Dad and Mom were deep in conversation. Dad was eating his way through the pile of sandwiches. The pink and white flowers were in a big glass vase on the table. Mom had said they were truly beautiful, the perfect choice.

  Tilly slid down off the windowsill. “Can I go and play?” she asked Dad.

  He nodded. He didn’t ask where. He didn’t say not outside.
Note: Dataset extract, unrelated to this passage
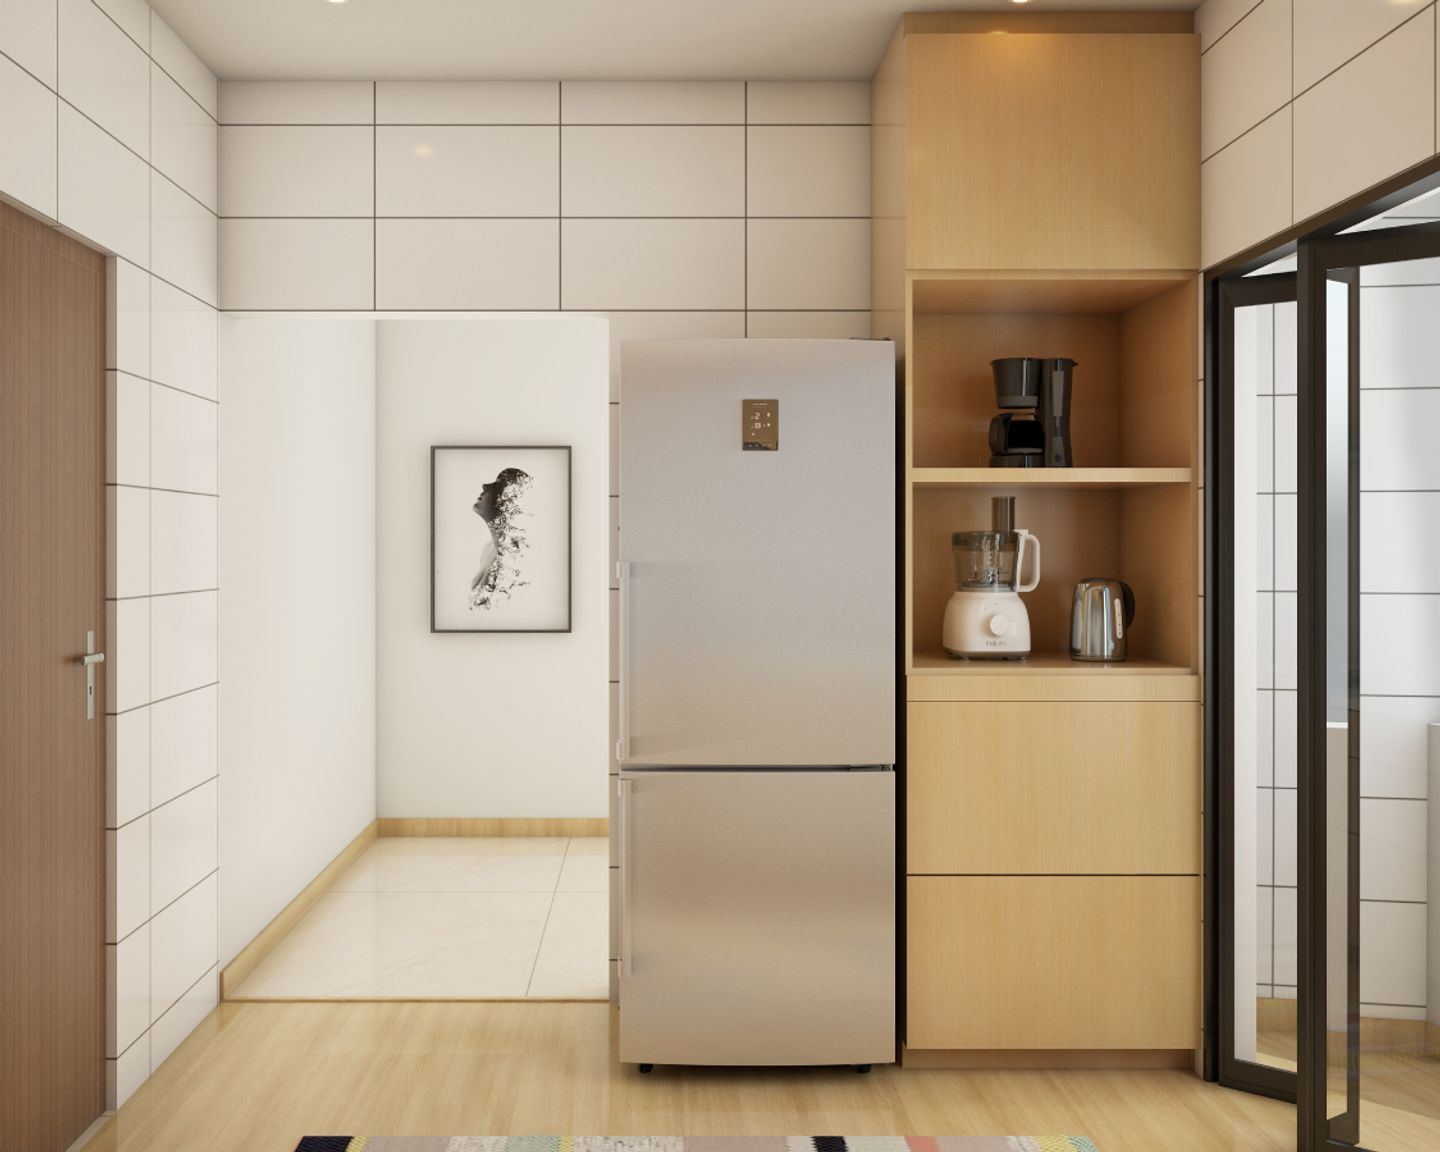 Contemporary Design For Kitchens With Beige Storage Cabinets

  Downstairs, Tilly put on her coat. She slipped her feet into rain boots. She put Little Fox in her pocket. She opened the back door and went into the garden. Birds were flying high in the blue-dark sky, calling to each other. Lots of birds, flying together in a V-shape, with one bird leading the way, as if they were traveling a long distance.

  It was nearly dark, but once you were outside, your eyes got used to it and it wasn’t really dark at all.

  Hurry up! Little Fox said.

  They crossed the grass. The little bird scolded from the tree—tut tut!

  Tilly opened the gate, crossed the grassy path, and squeezed around the wooden door into the magic garden.

  Chapter 7

  Tilly put Little Fox down on the ground at the foot of a big tree, where the trunk turned into twisting roots and dead leaves had piled up in between to make a soft sitting place. Tilly settled down to think.

  A blackbird flew over, calling out its warning cry. Above her, high in the tree, a robin began to sing. Tilly remembered that other song, from before. But there was no sign of anyone here today. Just her and the wild birds, and maybe a fox, hidden somewhere.